Male – Female

Male: a person bearing an X and Y chromosome pair in the cell nuclei and normally having a penis, scrotum, and testicles, and developing hair on the face at adolescence; a boy or man.

Female: a person bearing two X chromosomes in the cell nuclei and normally having a vagina, uterus, and ovaries, and developing at puberty a relatively rounded body and enlarged breasts, and retaining a beardless face; a girl or woman.

    These biological definitions are the fundamental meaning of the two words—and, based on these definitions, it’s hard to imagine changing from one to another.

Masculine: having qualities traditionally ascribed to men, such as strength and boldness.

Feminine: having qualities traditionally ascribed to women, such as sensitivity and gentleness.

    These behavioral definitions are not so clear and fixed as the biological—there are men with some “feminine” qualities and women with some “masculine” qualities.
    Remember when you were just a child? In my time (long ago!), if you fell, hurt yourself, and began to cry, usually it was your mother who held and consoled you. Dads usually didn’t do that sort of thing.
    If you wanted to use hammers and nails and other tools, usually it was your father who showed you. Moms usually didn’t do that sort of thing.
    Gentleness was considered feminine behavior and toughness, male behavior.
    Girls could play “house’” and have dolls, but not boys. Boys could have bats and balls to play with, but, traditionally, girls didn’t.

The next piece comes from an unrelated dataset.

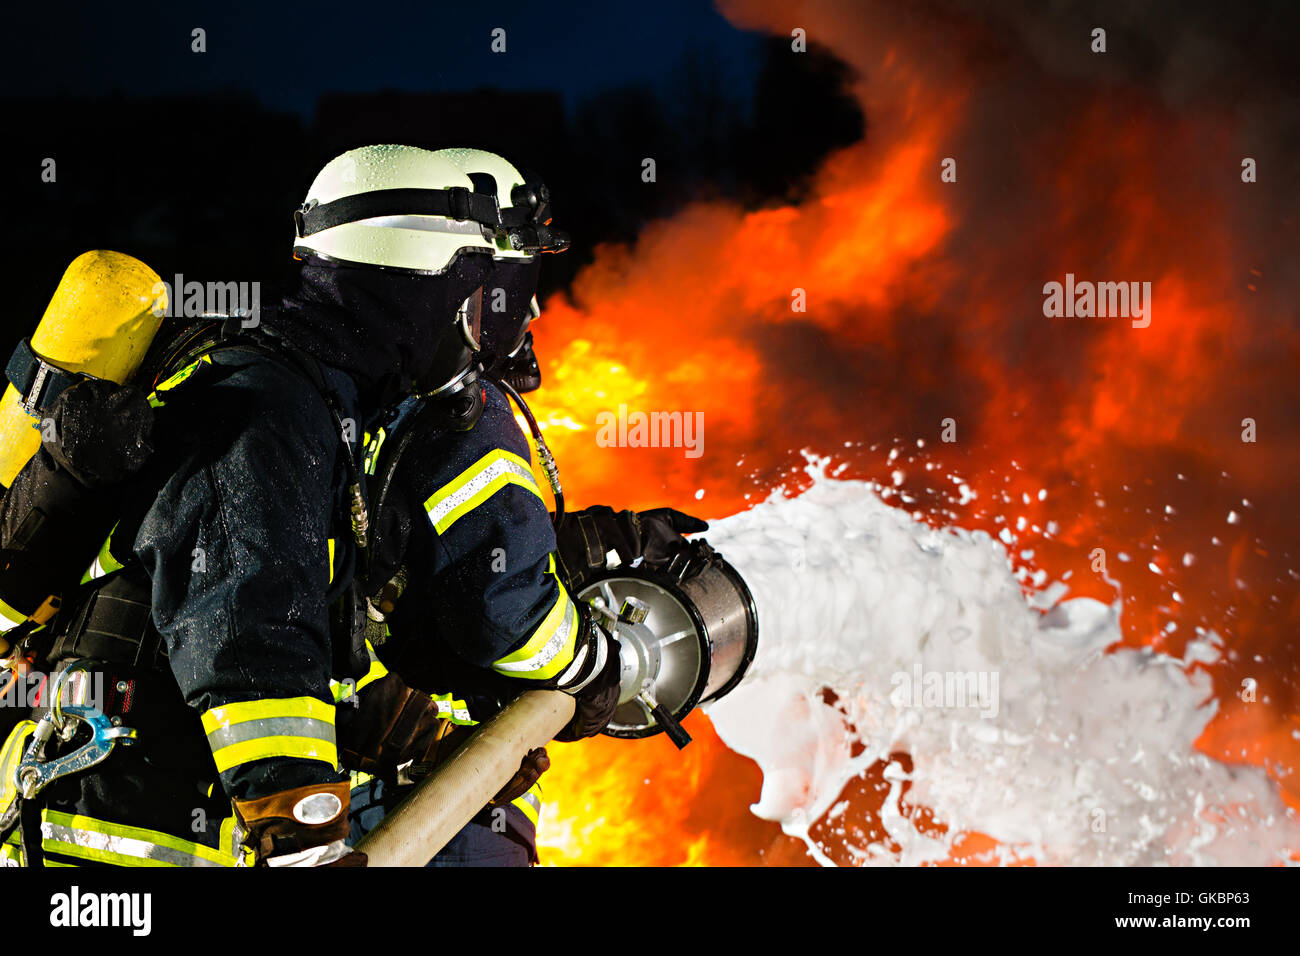 firefighters - firefighters put out a fire Stock Photo
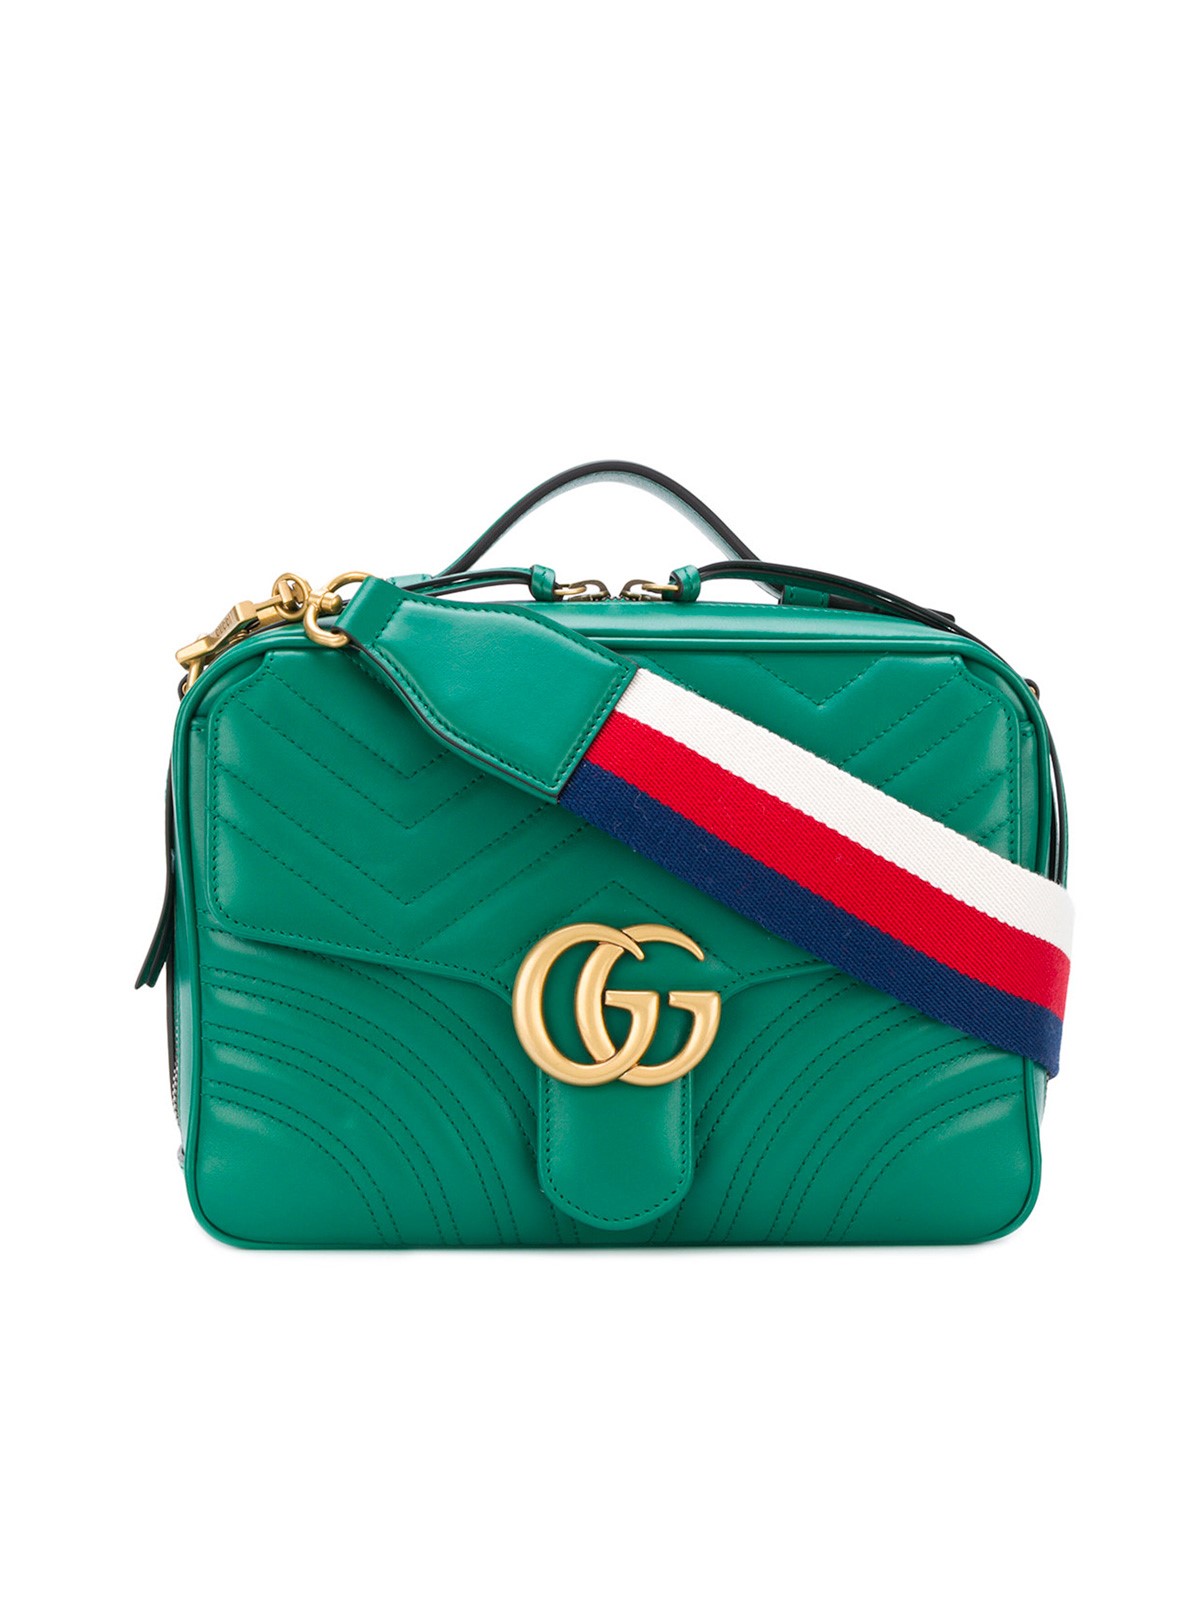 gucci GG MARMONT SHOULDER BAG available on www.paulmartinsmith.com - 21477

    In those days, a girl who had behaviors associated with boys was called a “tomboy”; a boy who had behaviors associated with girls was called a “fairy”.
    Now we have a far more varied and elaborate vocabulary to describe sexual behaviors and identities.
    It’s like shopping in a paint store. You may want blue paint, but you still need to choose what shade of blue you want from a color chart with far more possibilities than you may have expected.
    There are far more possibilities on the “Male – Female” chart or range, too, and some of the labels or names we use for them are pejorative and some are not.
    The behaviors associated with “man” or “woman” can vary from culture to culture, ethnic group to ethnic group, country to country, and age to age.
    In spite of biological, behavioral, and historical, and other differences, it’s clear that we are all human beings. It’s also clear that we may have different sexual identities, relationships, behaviors and moralities.
    Once, being questioned about divorce, Jesus said, “…Have you not read that from the beginning the Creator ‘made them male and female’…” (Mathew 19:4)
    This was a reference to biological difference, not behavior, in answer to a provocative question about the Mosaic law, about husbands divorcing their wives.
    Years ago, the Heinz company had a popular advertising slogan on its ketchup bottle about its “57 varieties”.
    I don’t know if human beings are that diverse, but we’re all God’s children and, in spite of differences, belong to that one and the same variety!